Gödel, Escher, Bach: An Eternal Golden Braid

Dated Jan 20, 2023; last modified on Sun, 12 Feb 2023

Strange Loops

A Strange Loop occurs whenever, by moving upwards (or downwards) through the levels of some hierarchical system, we unexpectedly find ourselves right back where we started.

The 3-voice Canon Per Tonos from Musikalisches Opfer BWV 1079 exhibits a strange loop. Successive modulations make one expect to hopelessly far from the starting key, but after six modulations, the original key of C minor is restored!

I can’t quite perceive the rising canon. reports that I’m not alone.

Waterfall (M. C. Escher). Lithograph. Credits: www.mcescher.com
Waterfall (M. C. Escher). Lithograph. Credits: www.mcescher.com

Escher’s Waterfall has a six-step endlessly falling loop. Tightening the loop gets harder and more impressive, e.g., Escher’s Drawing Hands has a two-step strange loop in which each of two hands draws the other.

The Epimenides Paradox (“All Cretans are liars”, or more popularly phrased as, “This statement is false”) is a one-step strange loop. Gödel introduced a strange loop in mathematics when he used mathematical reasoning to explore mathematical reasoning itself, leading to Gödel’s Incompleteness Theorem: All consistent axiomatic formulations of number theory include undecidable propositions. The (gnarly) proof hinges on writing a self-referential mathematical statement: This statement of number theory does not have any proof in the system of Principia Mathematica.

Gödel’s actual phrasing is in German, but translated is:

To every \(\omega -\)consistent recursive class \(\kappa\) of formulae there correspond recursive class-signs \(r\), such that neither \(v\
\text{Gen}\ r\) nor \(\text{Neg}\ (v\ \text{Gen}\ r)\) belongs to \(\text{Flg}\ (\kappa)\) (where \(v\) is the free variable of \(r\)).

Gödel’s Incompleteness Theorem is set in a period of rising meta-mathematics. Discovery of non-Euclidean geometry challenged the idea that mathematics studied the real world. Cantor’s theory of sets (different types of infinities) was intuition-defying. On came paradoxes like Russell’s Paradox: Let \(R\) be the set of all sets that are not members of themselves.

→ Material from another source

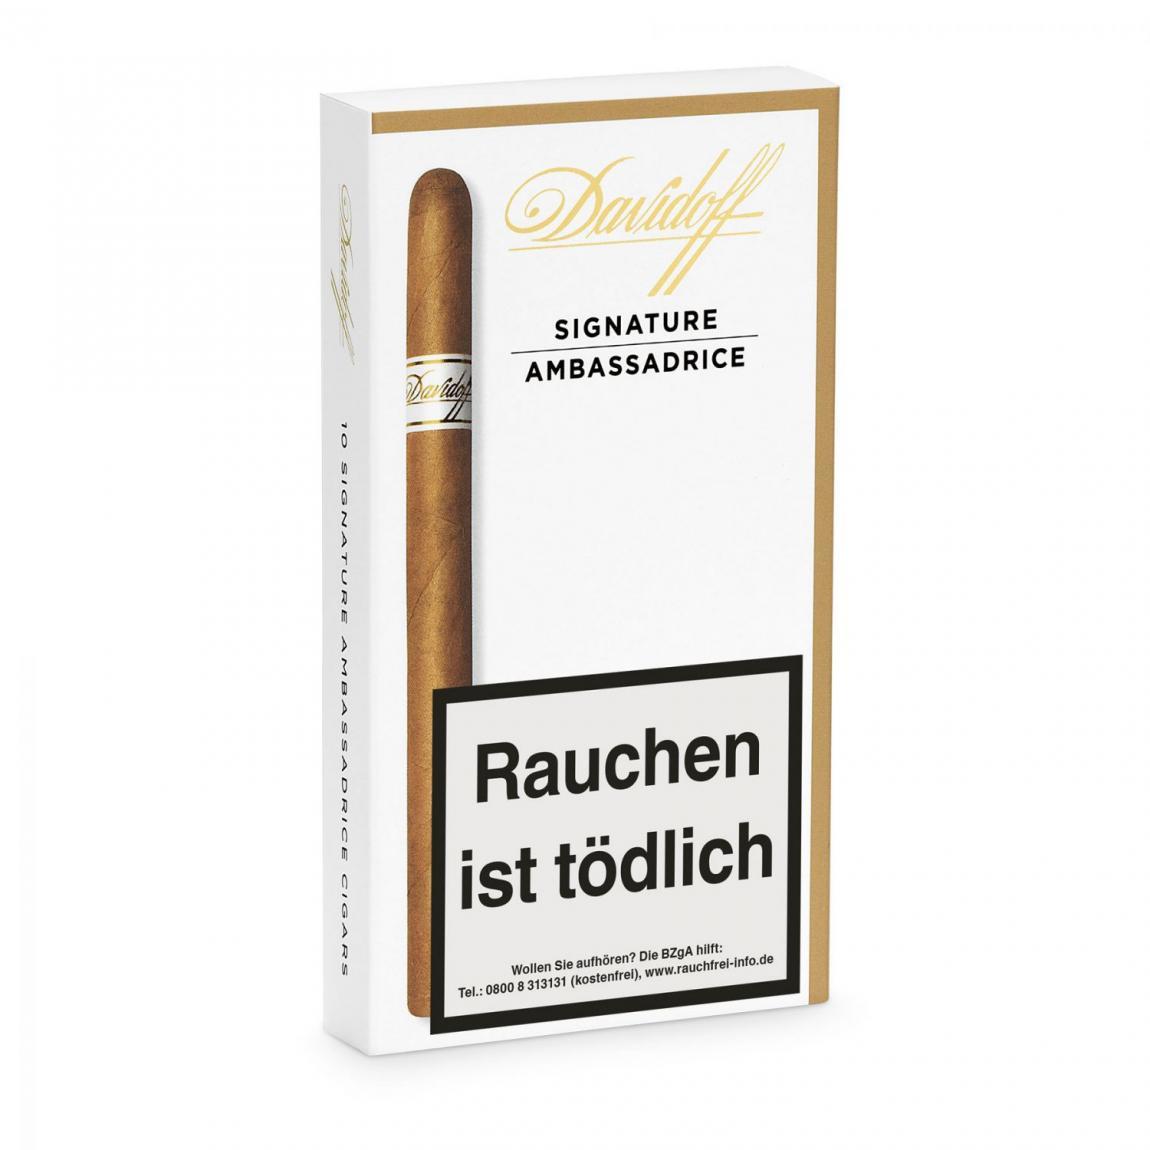 Davidoff »Signature« Ambassadrice, 10er Schachtel

If \(R\) is not a member of itself, then its definition entails that it is a member of itself; if it is a member of itself, then it is not a member of itself, since it is the set of sets that are not members of themselves. Russell’s and Whitehead’s Principia Mathematica purported to derive all of mathematics from logic, and, to be sure without contradictions. David Hilbert challenged fellow mathematicians to demonstrate rigorously that the system derived in Principia Mathematica was both consistent (contradiction-free), and complete (every true statement of number theory could be derived within the framework drawn up in Principia Mathematica). Gödel’s paper revealed not only irreparable “holes” in the axiomatic system proposed by Principia Mathematica, but also more generally that no axiomatic system whatsoever could produce all number-theoretical truths, unless it were an inconsistent system!

Strange Loops involving rules that change themselves, directly or indirectly, are at the core of intelligence. A creature is faced with millions of situations of completely different types. In some situations, there are stereotyped situations which require “just plain” rules. Some situations are mixtures of stereotyped situations – thus they require rules for deciding which of the “just plain” rules to apply. Some situations cannot be classified – thus there must exist rules for inventing new rules… and so forth. Computers by their very nature are inflexible, desire-less and rule-following. How can intelligent behavior be programmed? Maybe put together rules in strict formalisms that tell computers how to be flexible. It is not a paradox that intelligent behavior can be programmed.

Formal Systems

Sample formal system:

  • Utilizes only \(M\), \(I\), and \(U\).
  • You start out with \(MI\).
  • Using these rules you can enlarge your collection:
    • If you possess a string whose last letter is \(I\), you can add on a \(U\) at the end, e.g., from \(MI\), you can get \(MIU\).
    • If you have \(Mx\), then you may add \(Mxx\) to your collection, e.g., from \(MIU\), you can get \(MIUIU\).
    • If \(III\) occurs in one of the strings in your collection, you may make a new string with \(U\) in place of \(III\), e.g., from \(MIIII\), you can make \(MUI\) and \(MIU\).
    • If \(UU\) occurs inside one of your strings, you can drop it, e.g., from \(MUUUIII\), get \(MUIII\).

Terminology for formal systems:

  • A theorem is a string reproducible in the formal system, e.g., \(MI\) is a theorem, but \(U\) is not.
  • The theorems given for free at the beginning, e.g., \(MI\), are called axioms.
  • The symbol-shunting rules, e.g., \(UU\) can be dropped from a theorem, are called rules of production or rules of inference.
  • A derivation of a theorem is an explicit, line-by-line demonstration of how to produce that theorem according to the rules of the formal system.

The definition of the system matters. For example, a computer program that quits when put in a hopeless position. If the system is “making chess moves in a game,” then the program has a sophisticated, preprogrammed ability to exit from the system. If the system is “whatever the computer had been programmed to do,” then the computer has no ability whatsoever to exit from the system.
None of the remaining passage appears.